Gabriel se encoge de hombros.
―Todo esto lo aprendí en un videojuego así que por ahí debo tener guardado algo que nos pueda ayudar. Solo tengo que decodificar y tú sabes que para mí eso no es un problema.
La sonrisa pícara que esboza no es muy diferente a la de un niño al que le acaban de dar un dulce.
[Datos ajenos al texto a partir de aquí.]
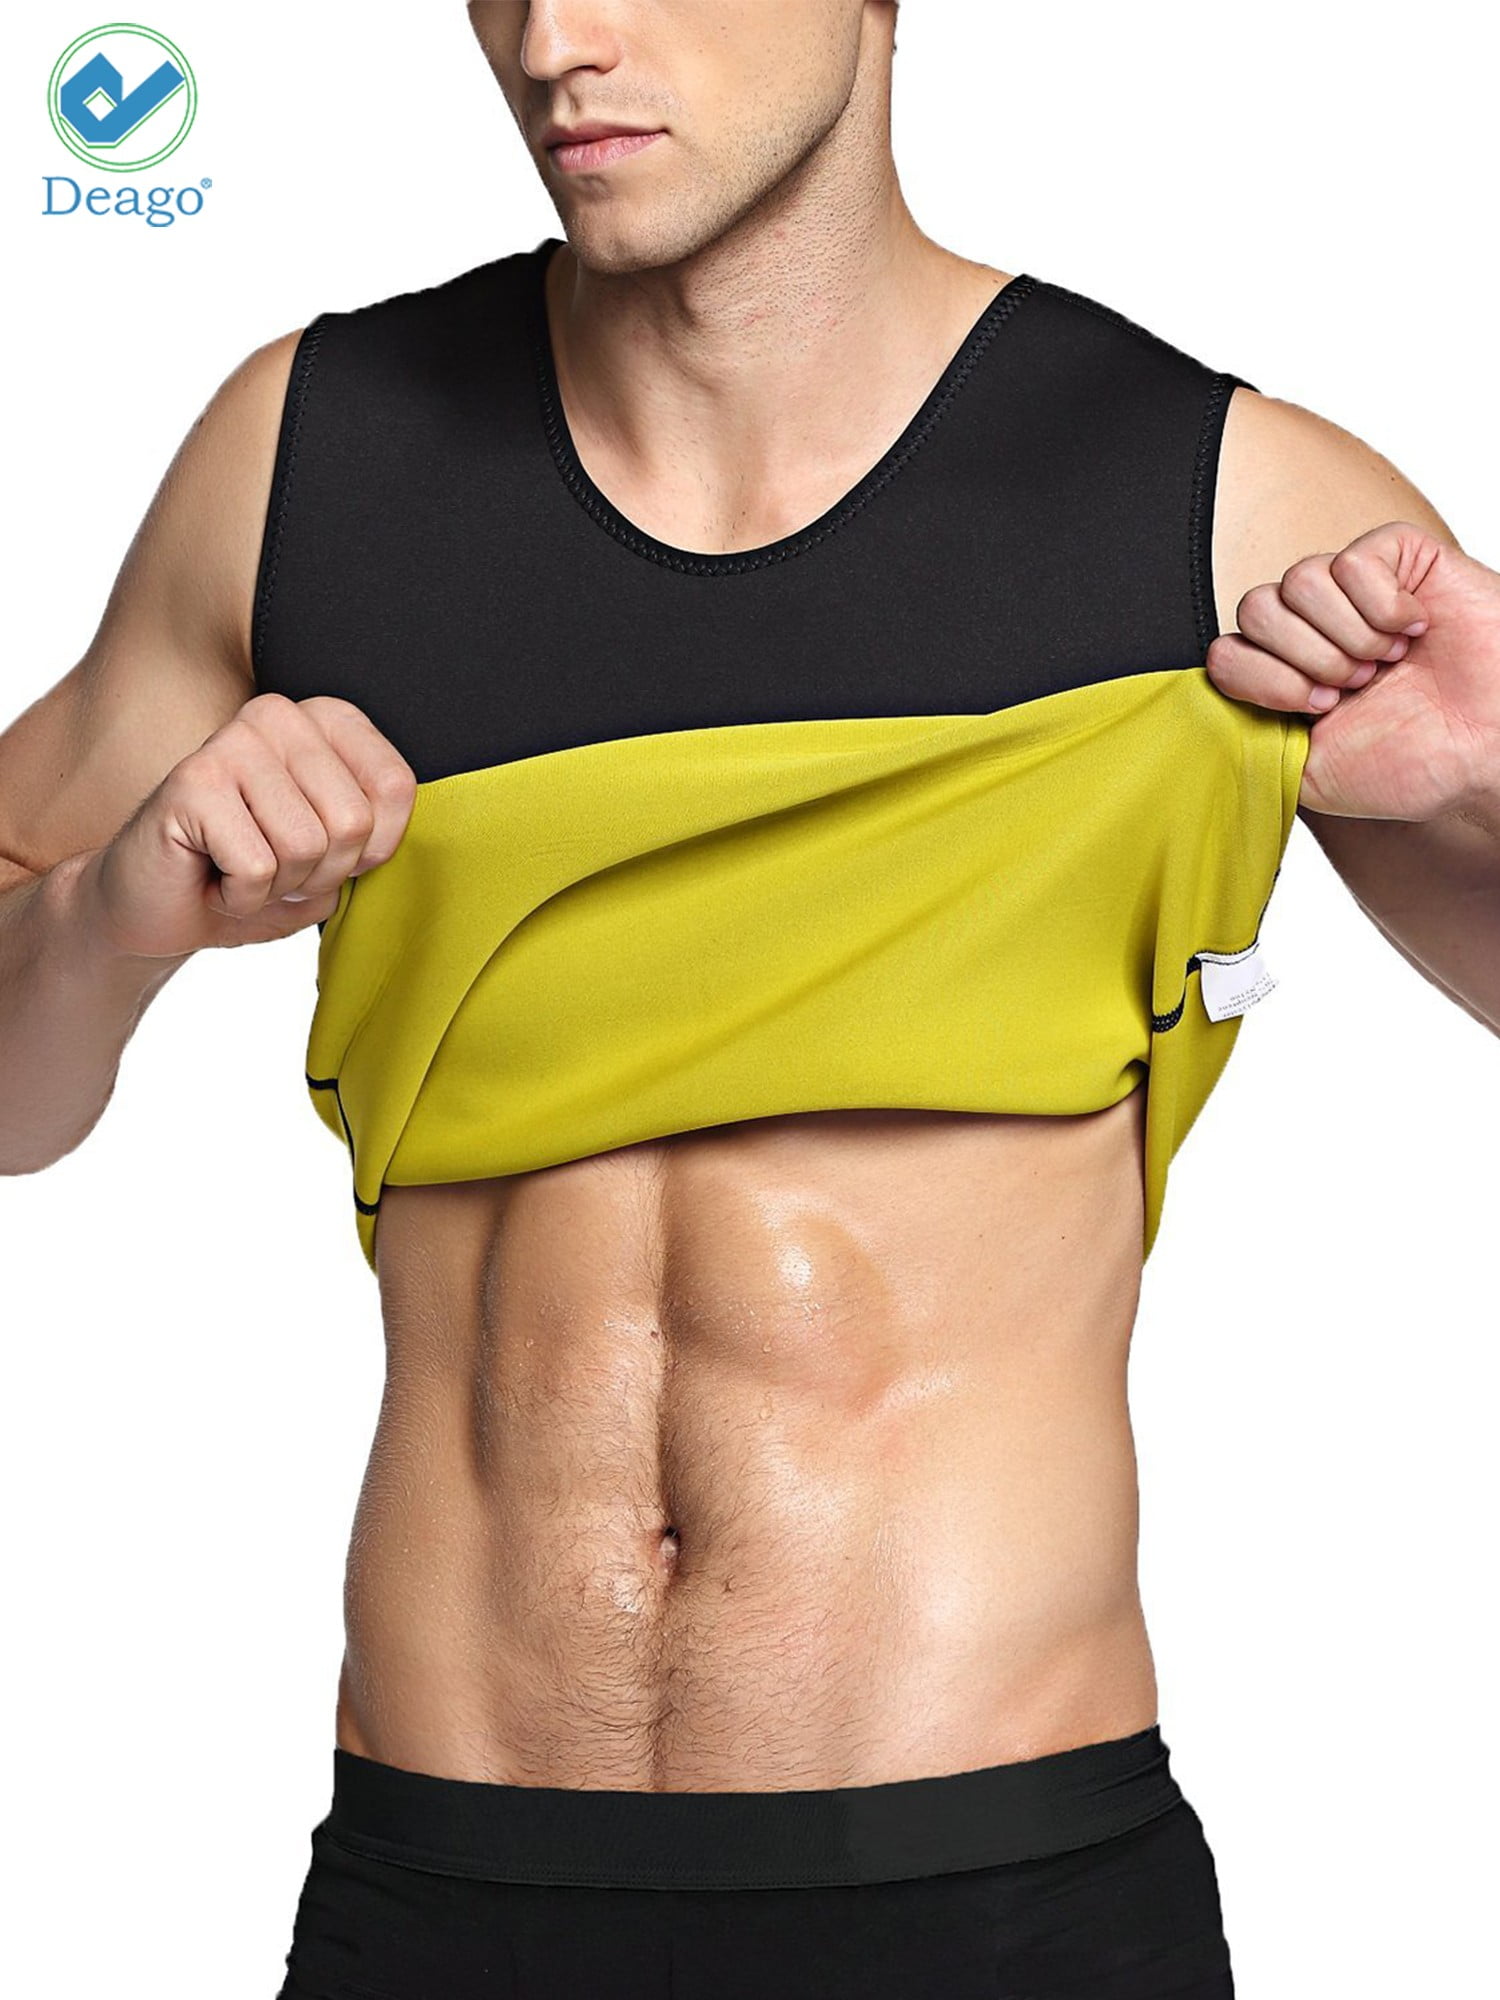 Men Neoprene Sauna Thermo Sweat Body Shaper Waist Trainer Fat Burner Corset Vest

Verónica sabe que una vez él empieza con algo ya no le va a poner atención a nada más que a lo que está haciendo, y como pedirle que la mantenga informada sería inútil ya que le hablaría de esas cosas de computadores que ella no entiende, decide que lo mejor es recostarse en su intento de cama mientras Gabriel investiga.
Está tan cansada que no logra mantenerse despierta por más de que su curiosidad la incita a conocer más; se duerme al poco tiempo de recostar su cabeza en la maleta.
En su sueño se encuentra con una persona que la mira a lo lejos.
No logra identificar con claridad si se trata de una niña, una joven o una anciana, pero le da la impresión de que su edad cambia como un tornasol.
Acaricia la cabeza de un carnero negro mientras murmura algo que Verónica no alcanza a escuchar por culpa del sonido que produce una hoguera enorme y colorida. Sus lenguas danzantes aumentan de tamaño hasta que cubren todo, incluso a la mujer y al animal. El tono carmesí es tan fuerte que enceguece a Verónica y la obliga a cerrar los ojos con fuerza para protegerlos.
Cuando los abre se da cuenta que es de día y que pasó toda la noche en el local de videojuegos. Un rayo de luz la golpea directamente en el rostro.
Se despereza con un ruido fuerte; estira los brazos que tiene un poco entumecidos por la posición en la que durmió.
―En la madrugada sonó tu celular varias veces pero creo que no te diste cuenta, se terminó descargando. ―Comenta su amigo con un fuerte bostezo.
Verónica busca su cargador dentro de la maleta.
―¿Lograste descubrir algo? ―pregunta enchufando su teléfono.
―No avancé mucho, me parece que está escrito en hebreo antiguo. Ahí creo que pude descifrar un apartado. No es un trabajo muy fácil que digamos: tengo que decodificarlo para obtener el texto y luego traducirlo al español. ¡Menos mal internet es de gran ayuda! De lo contrario no habría sido posible. Yo solo tengo que darle un poco de sentido a lo que arroja. No me comprometo a que sea fidedigno, pero igual estoy seguro de que no tienes la intensión de usarlo, así que con esto está bien.
Le pasa una hoja de cuaderno a Verónica.
«Hechizo para curar todas las enfermedades» lee ella mentalmente antes de guardarla dentro del libro para que no se pierda. La cantidad que Gabriel logró traducir durante la noche era considerable; parecía una receta de cocina. Verónica lo leerá todo luego, cuando vuelva a su casa.
―Señalé con un papelito la parte en la que trabajé para no confundirme y volverlo a traducir más adelante, espero que no te moleste. Es un apartado entero... No levantes la cama, cuando te vayas voy a dormir ahí un rato antes de abrir el local.
―¿Crees que estas cosas son reales? ―Verónica enciende su celular y revisa las notificaciones que le llegaron mientras el aparato estaba descargado.
―No lo sé, hasta ahí no llega mi curiosidad... ¿Está todo bien? ―se preocupa al ver el cambio en la expresión de su amiga.
Está pálida y parece que se va a echar a llorar en cualquier momento. Recoge rápidamente sus cosas con manos temblorosas, sin levantar la mirada. Es obvio que algo sucedió.
Mete afanada el libro del carnero en la maleta antes de acomodársela en la espalda.
―Es Amalia ―explica agarrando uno de los paquetes del mostrador―, colapsó.
Se despide, apresurada, de Gabriel con un gesto de su mano y sale a la calle a tomar un bus que la lleve a Bogotá.